LAWS(GJH)-1993-10-22

JAMNABEN G MISTRY Vs. CONTROLLER OF ESTATE DUTY

Decided On October 07, 1993
JAMNABEN G.MISTRY Appellant
V/S
CONTROLLER OF ESTATE DUTY Respondents

JUDGEMENT

(1.) THE question canvassed at the time of hearing of this matter is limited to what would be the consideration to a purchaser of the property if it is sold in the open market in the context of s. 36 of the ED Act, 1953. Sec. 36 provides that the principal value of any property shall be estimated to be the price which, in the opinion of the Controller, 'it would fetch if sold in the open market at the time of the deceased's death'. It is contended that a prudent willing purchaser before offering the price would estimate the value of the property by taking into consideration all the relevant factors including the contingent payments which are required to be made to the employees such as gratuity, bonus, etc.

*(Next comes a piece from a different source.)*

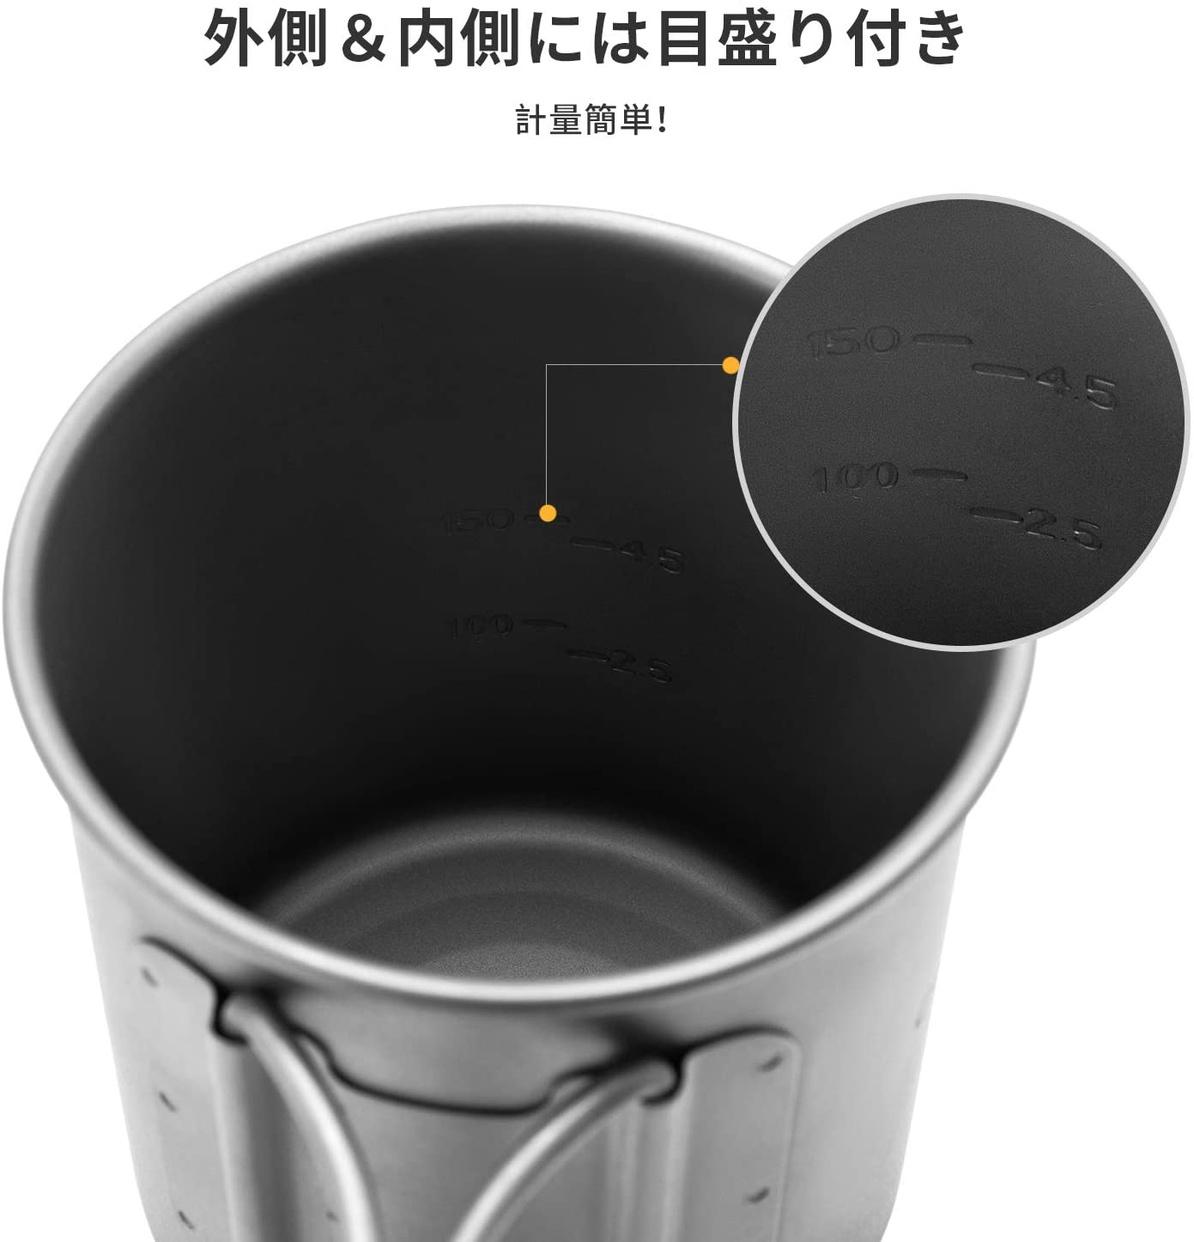 COOK'N'ESCAPE(コックンエスケープ) アウトドア用マグカップの商品画像5

(2.) THE question is required to be decided in the context of an order passed by the Tribunal that the provision of gratuity is contingent claim and it cannot be said to be enforceable on the deceased's death. THE Tribunal considered that the claim for gratuity is not a debt and, therefore, not deductible under s. 44 of the ED Act. THE Tribunal further rejected the claim of deduction of estate duty in the computation of taxable estate.

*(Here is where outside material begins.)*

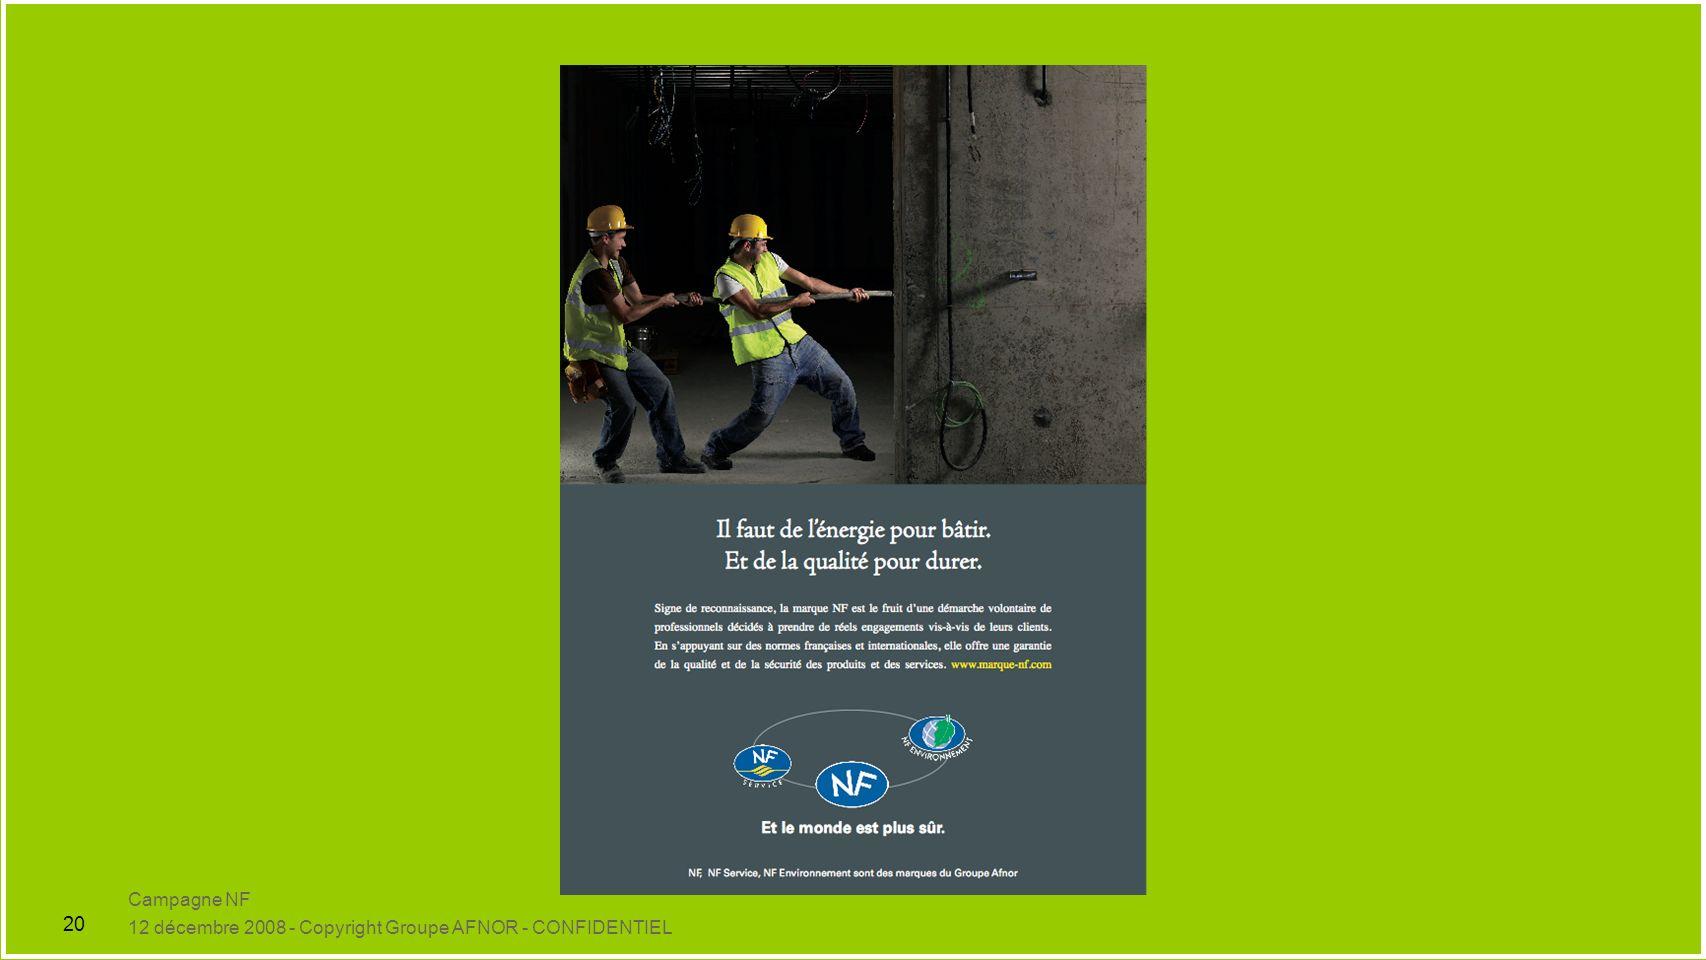 Campagne NF 12 décembre 2008 - Copyright Groupe AFNOR - CONFIDENTIEL 20

(3.) FOR determining this question, Mr. Shah, learned counsel appearing for the applicant, has vehemently submitted that he was not contending that the provision for gratuity should be deducted as a debt. He submitted that the Tribunal as well as the Authorities below ought to have determined the value of the estate on the basis of criteria provided by s. 36, that is to say, the value of the estate would fetch in the open market. It is his contention that a prudent purchaser while purchasing an industrial undertaking or business where there are employees covered by the provisions of Payment of Gratuity Act or by any voluntary scheme for payment of gratuity or by any awards passed by the Industrial Tribunal directing the employer to pay gratuity, would always take into consideration the contingent liabilities for gratuity which he would be required to provide. As against this, Mr. Shelat, learned counsel for the respondent, vehemently submitted that the question with regard to the deduction on the ground of provision for gratuity is already covered by two decisions of the Supreme Court, viz., Standard Mills Co. Ltd. vs. CIT (1967) 63 ITR 470 (SC) and Bombay Dyeing and Mfg. Co. Ltd. vs. CWT (1974) 93 ITR 603 (SC) and, therefore, the Tribunal has rightly held that provision for gratuity cannot be deducted in computing the estate. He further submitted that the aforesaid two decisions are affirmed by the Supreme Court in the case of P. Sathrughan Pillai vs. CWT (1993) 199 ITR 7 (SC).